The only family with failures was phoenix-liveview (16 failures out
of 135).

This meant that for 6 of 7 families, a skill-guided variant could
improve by at most ~5-8% over a model that already aces the tests.
The scorers couldn't discriminate.

---

### Phase 3: "Are We Not Testing If the Code Actually Works?"

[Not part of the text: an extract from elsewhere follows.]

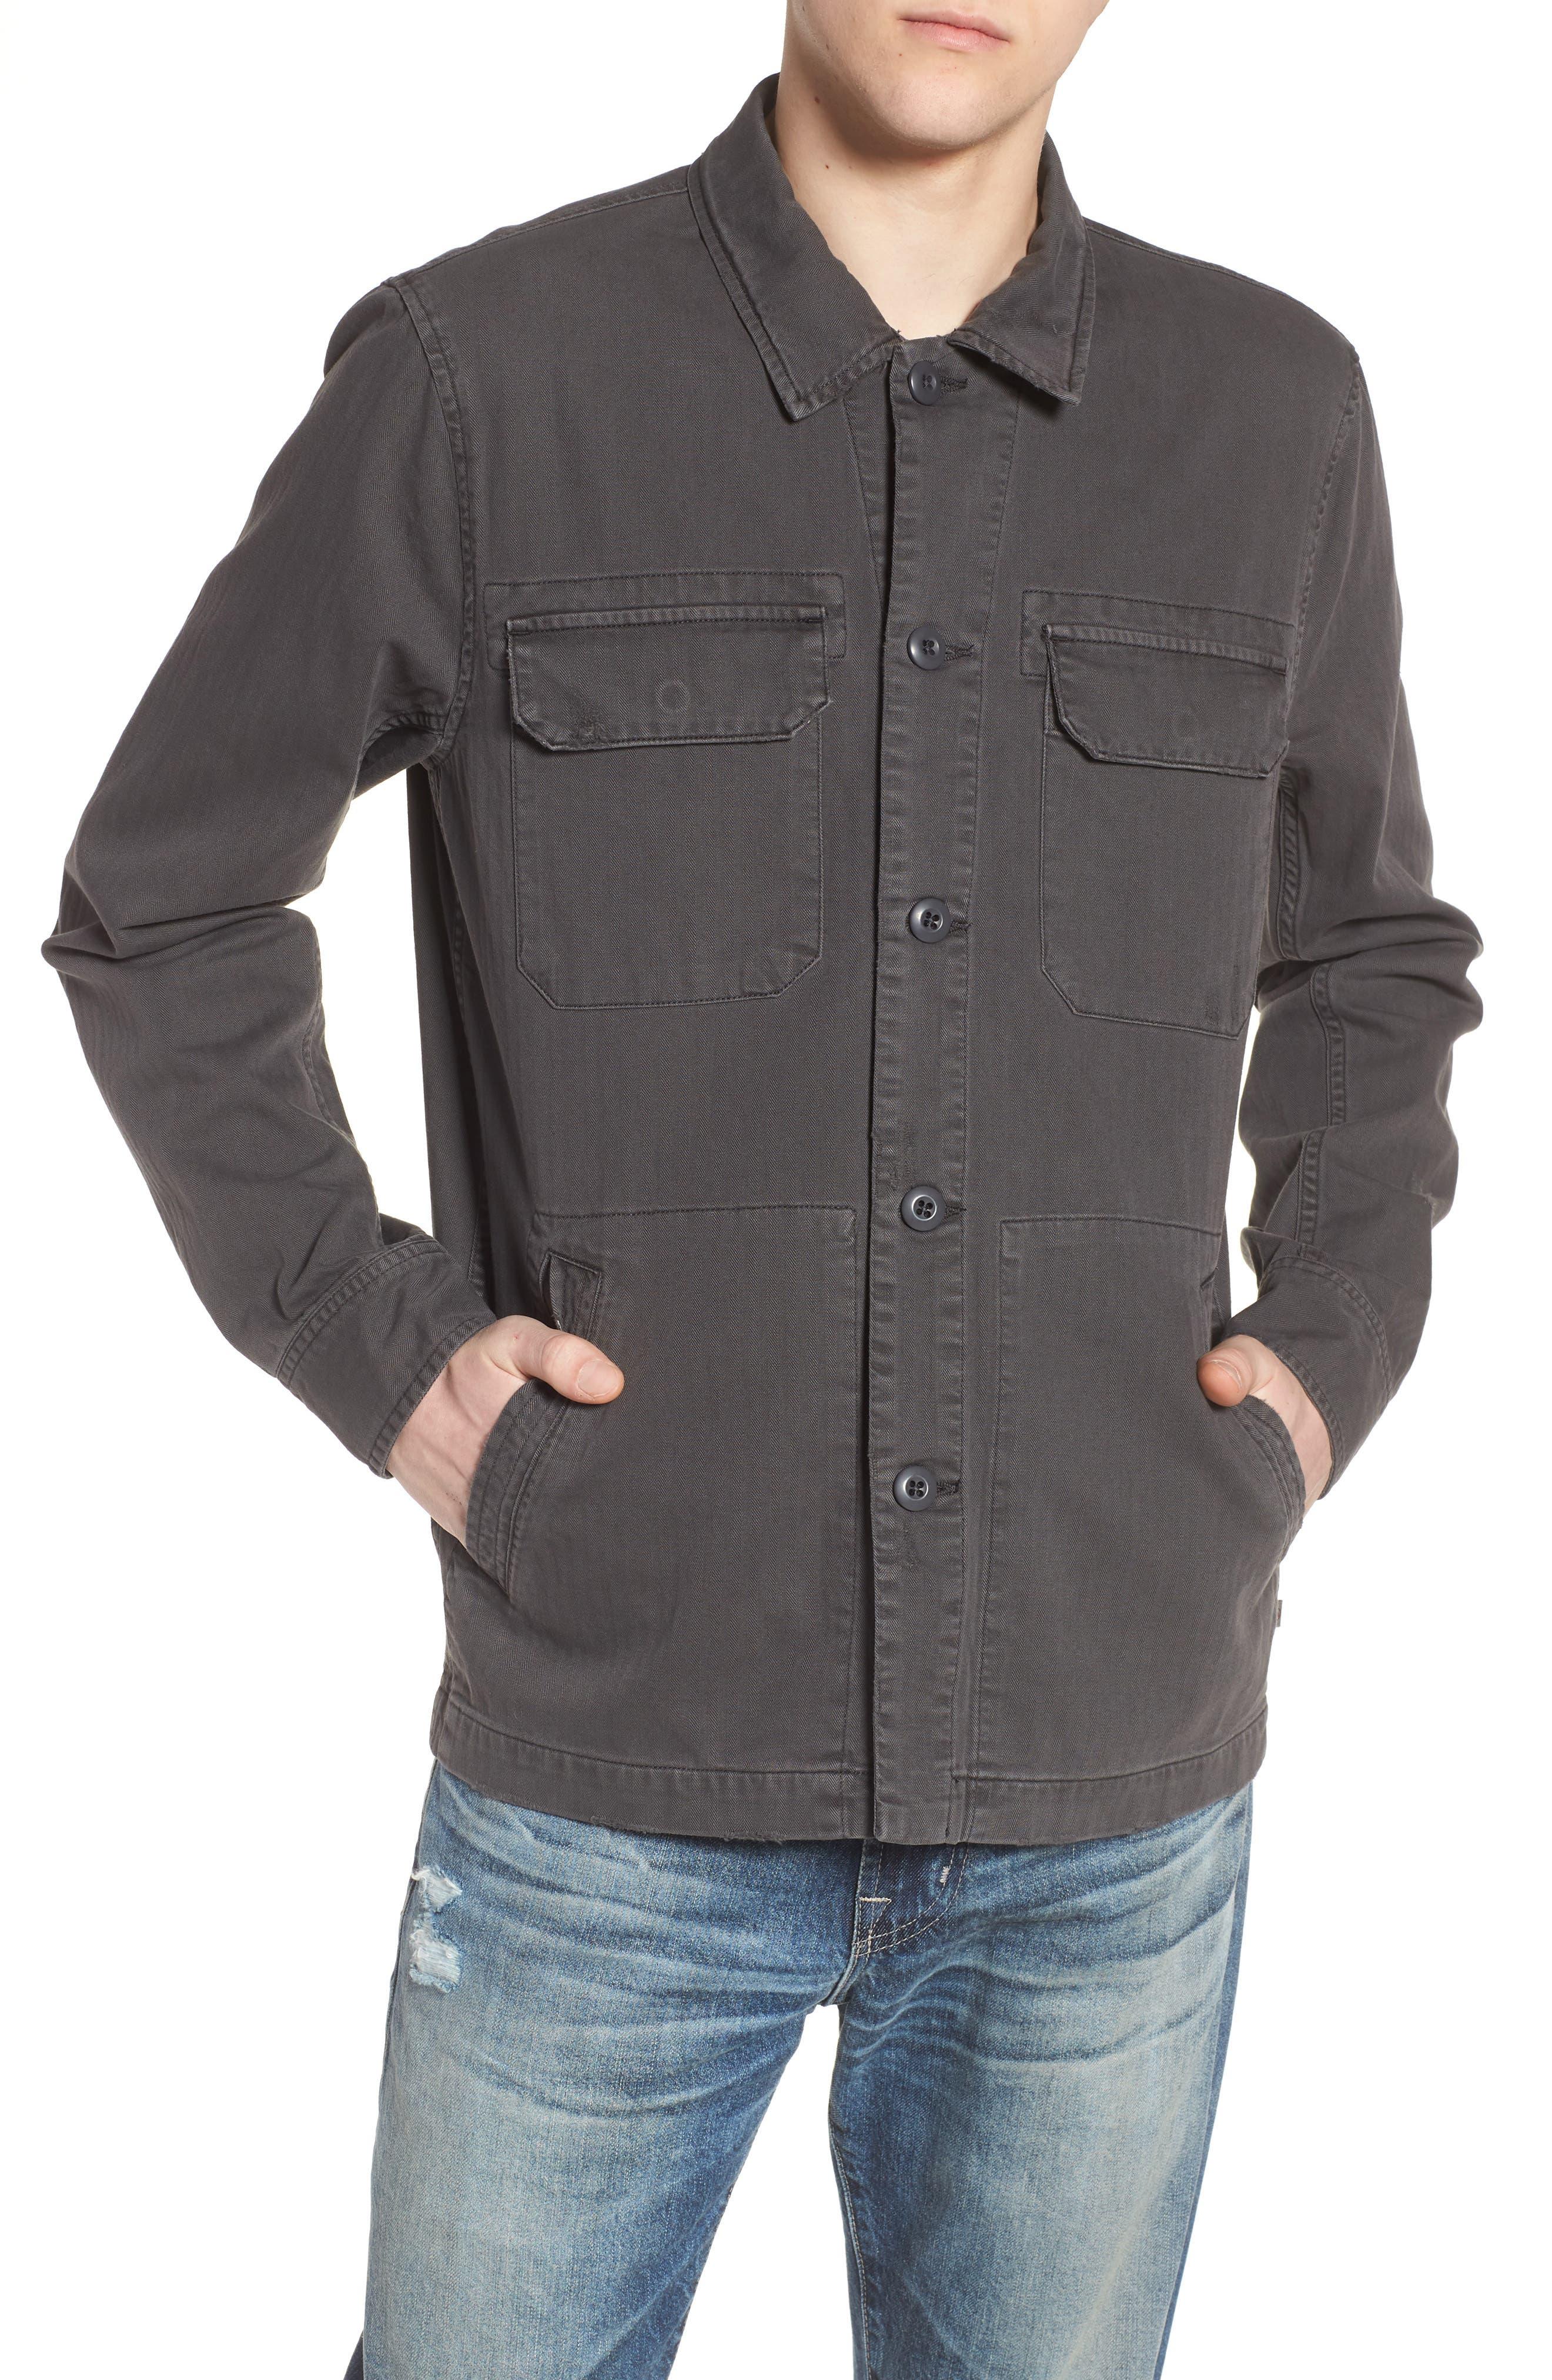 Marx Slim Fit Jacket,                             Alternate thumbnail 4, color,                             5 Years Pigment Smoke Grey
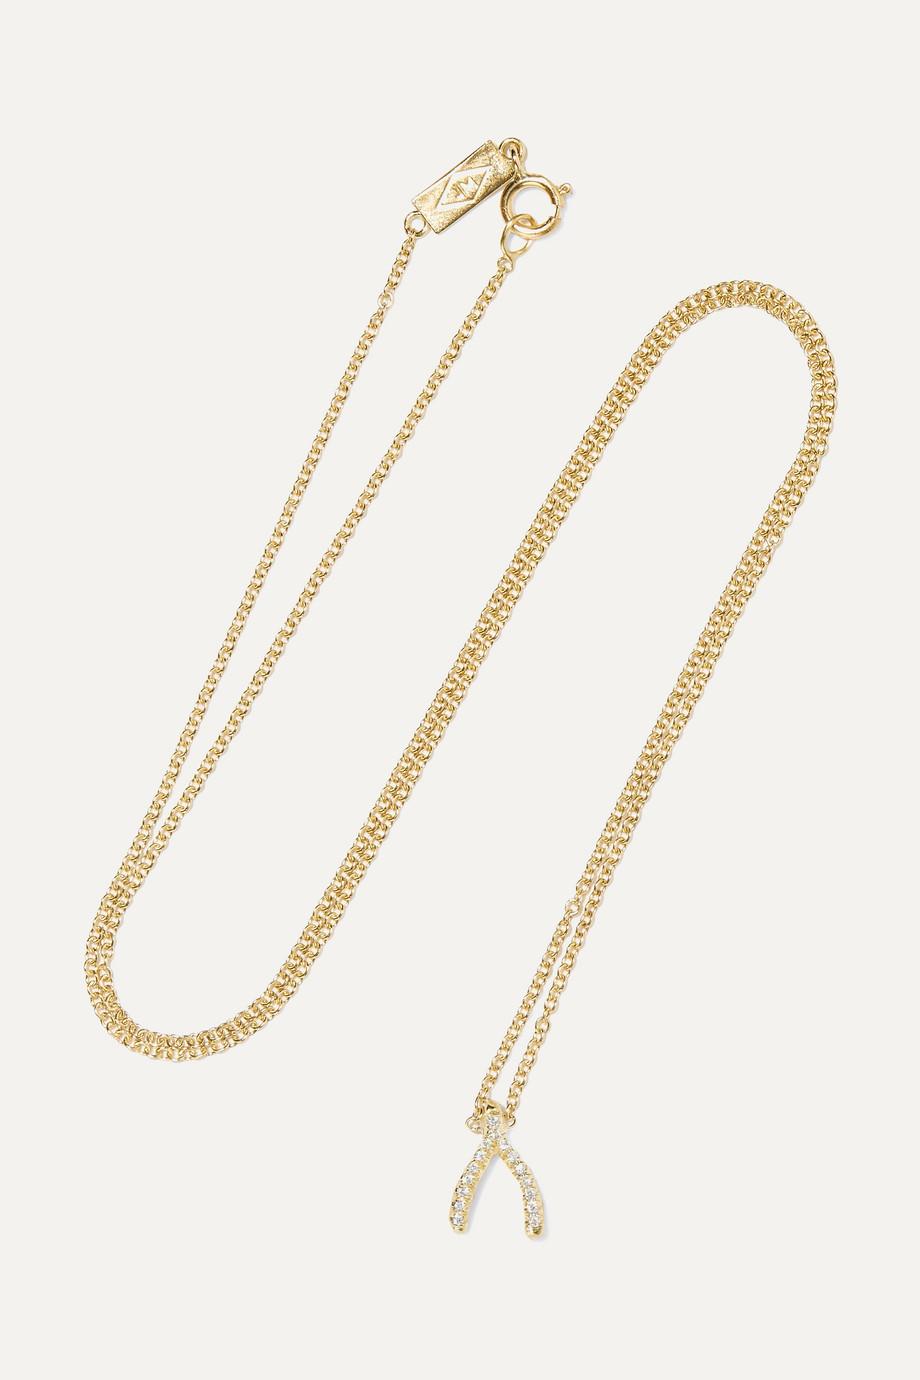 Jennifer Meyer Collier en or 18 carats et diamants Wishbone

Matt asked the question directly: "So are we not testing if the code
actually works????"

No. None of it. Every single score across all 874 challenges and all
7 seed runs was purely string pattern matching. `must_contain` checks
if a string appears in the output file. A file containing
`field :price, :decimal` in a comment scores the same as a working
module. Code with syntax errors passes if it contains the right
keywords.

This was the moment the session pivoted from "ship more runs" to
"fix the fundamental evaluation problem."

---

### Phase 4: The Deep Dive — 3 Challenges, 6 Sources, 4 Levels

We picked the 3 hardest Phoenix LiveView challenges (hard-07 at
0.109, medium-12 at 0.292, hard-06 at 0.292) and generated outputs
from 6 different sources:

1. Sonnet raw (no skill)
2. Opus raw (no skill)
3. Sonnet + v1 seed skill
4. Sonnet + v2 spawn skill
5. Opus + v1 seed skill
6. Opus + v2 spawn skill

Then scored each through increasingly rigorous levels:

**Level 0 — String matching (current scorer):** 5 of 6 sources scored
identically at 0.636 on hard-07. Useless for ranking.

**Level 1 — AST parse:** All 9 passed. Too shallow.

**Level 2 — Compilation in a Phoenix project:** Caught exactly one
real bug — Opus+v1 used an invalid `&` capture syntax that string
matching ranked as the best solution. Cheap, high value.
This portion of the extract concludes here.